## Recorded data:
════════════════
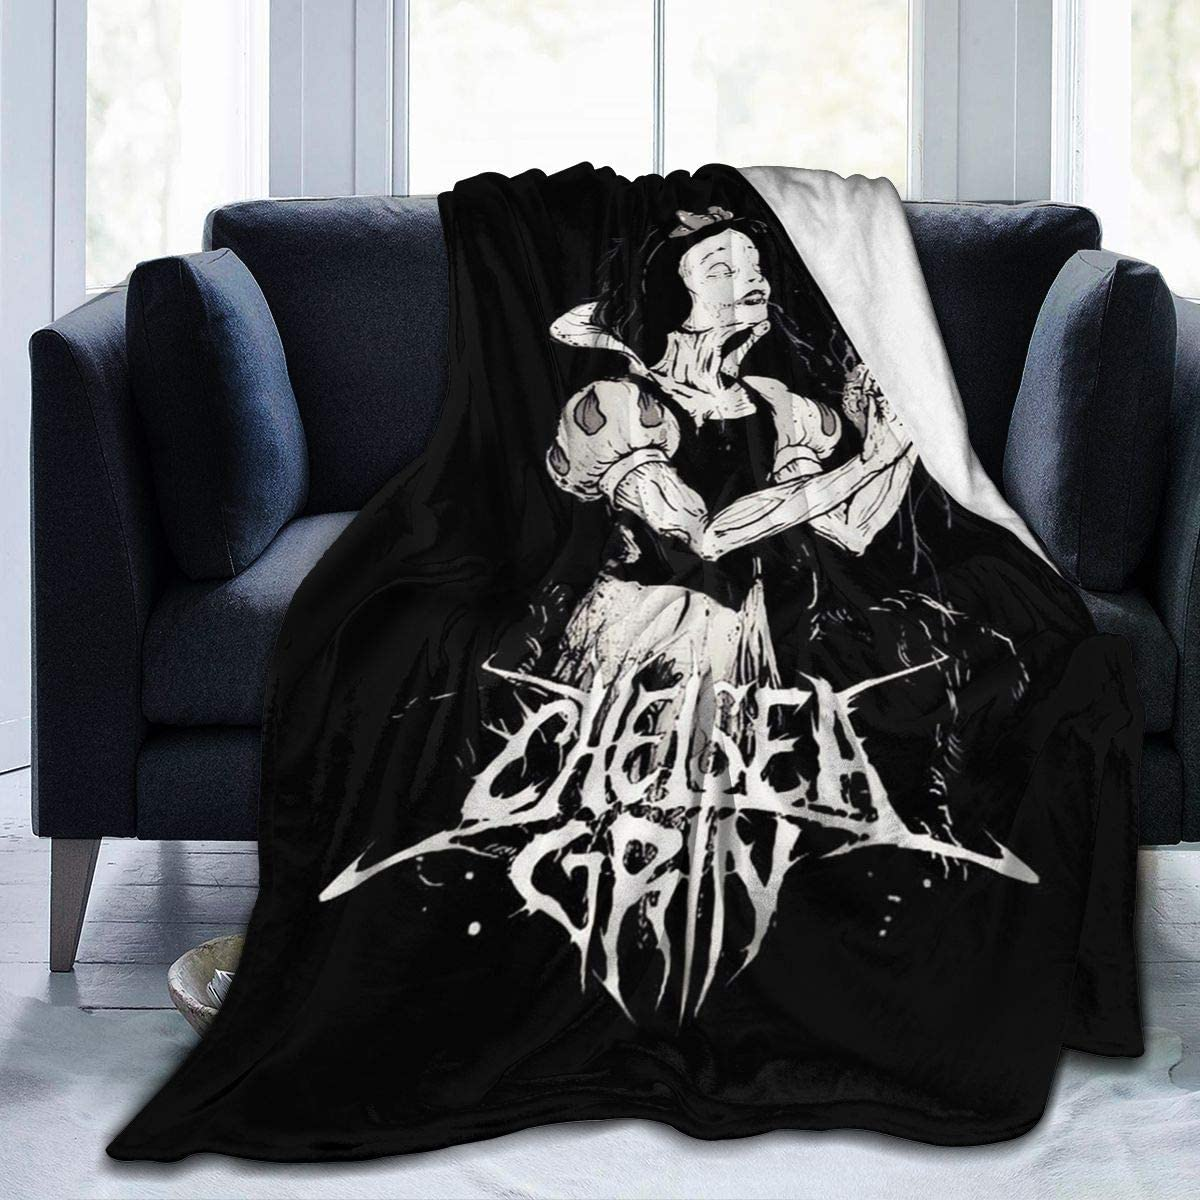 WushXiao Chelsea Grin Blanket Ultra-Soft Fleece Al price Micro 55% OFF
════════════════
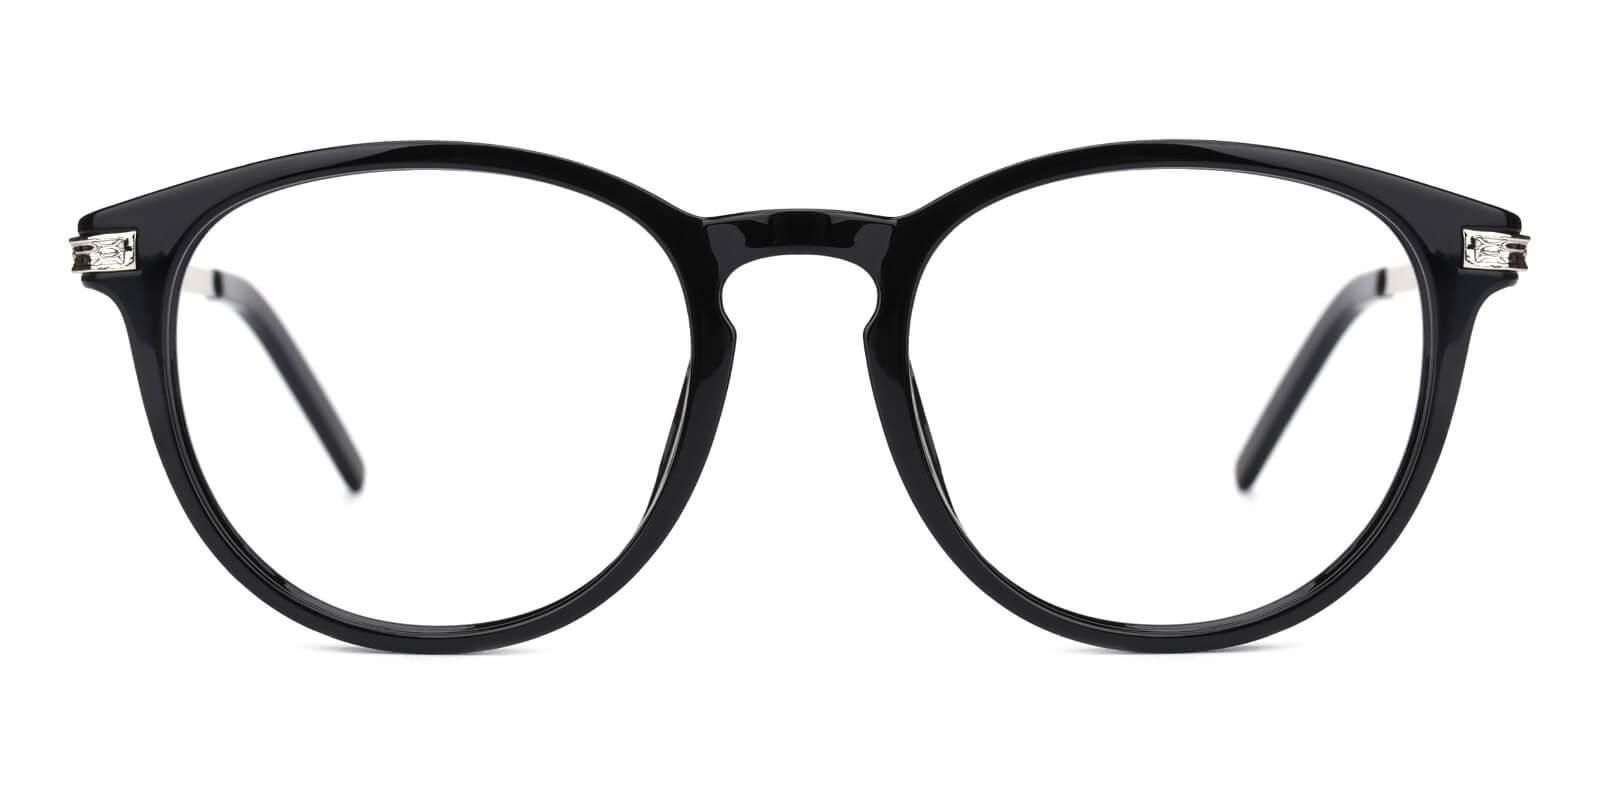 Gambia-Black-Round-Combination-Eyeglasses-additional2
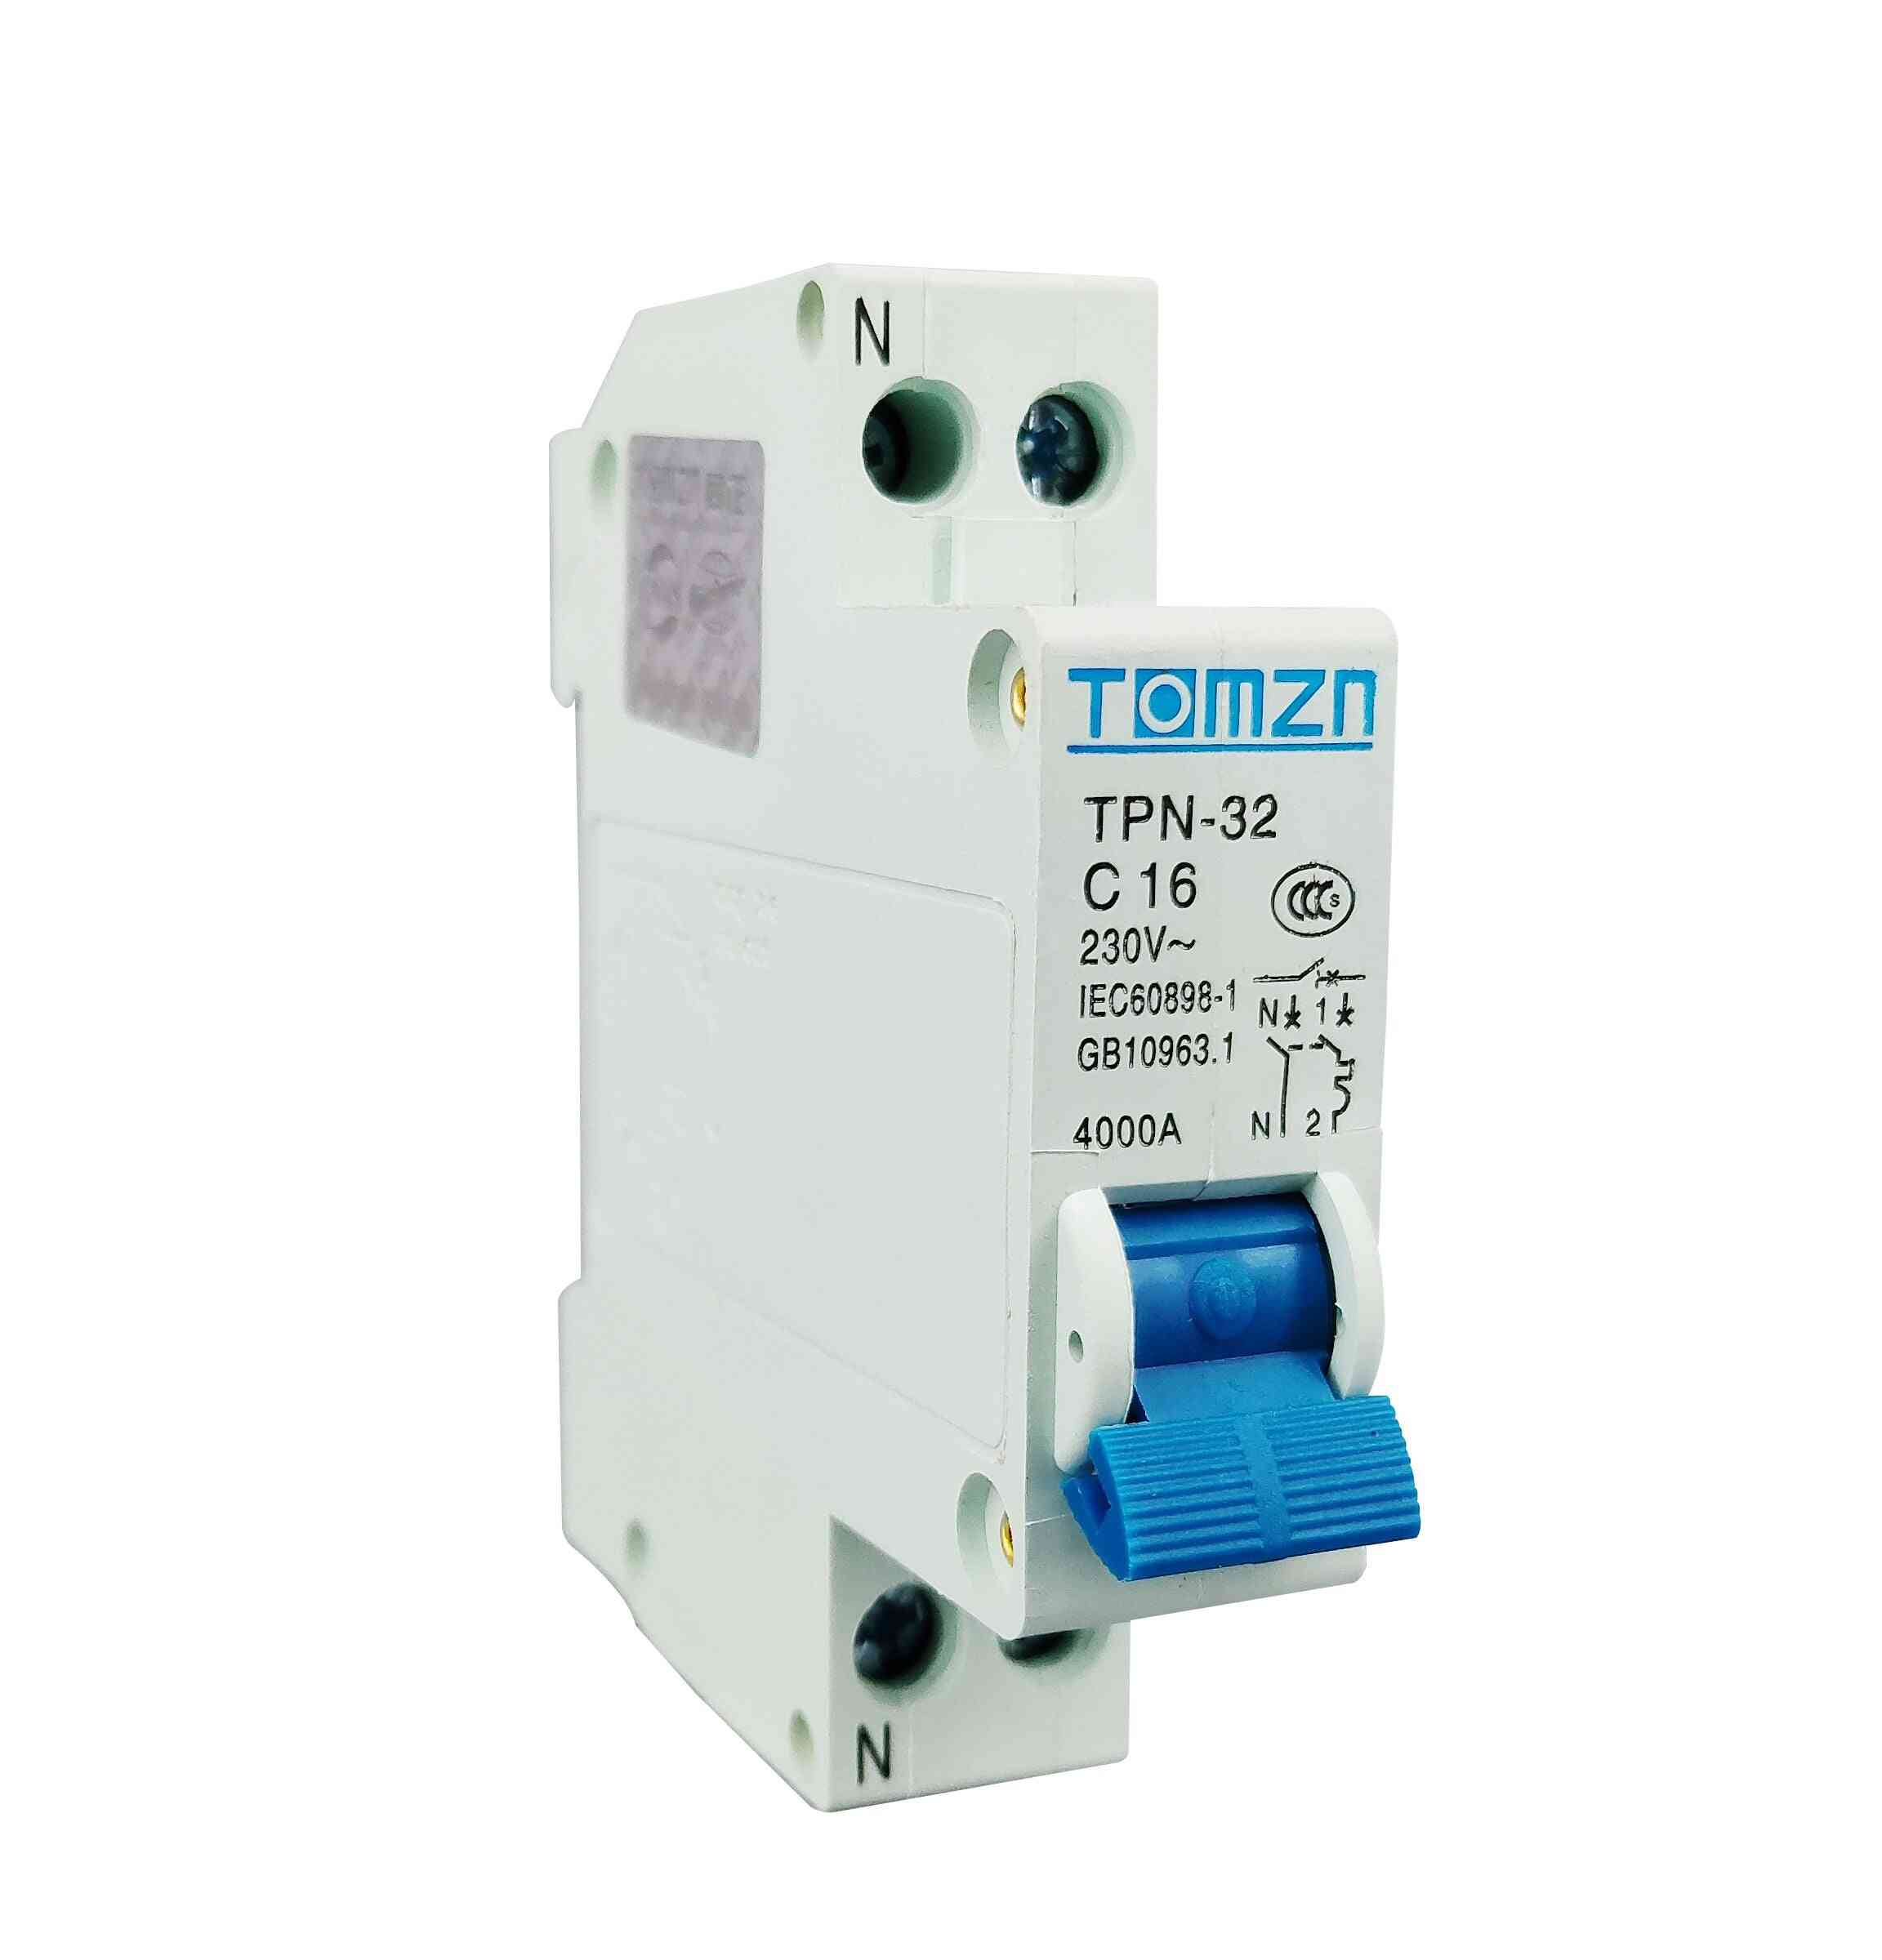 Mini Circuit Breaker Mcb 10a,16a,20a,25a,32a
════════════════
## Work instructions:
The copy should hold exactly the lines above from the one with "Gambia-Black-Round-Combination-Eyeglasses-additional2" through the one with "Mini Circuit Breaker Mcb 10a,16a,20a,25a,32a", both ends counted, and no pictures at all.

## Answer below:
 Gambia-Black-Round-Combination-Eyeglasses-additional2
 Mini Circuit Breaker Mcb 10a,16a,20a,25a,32a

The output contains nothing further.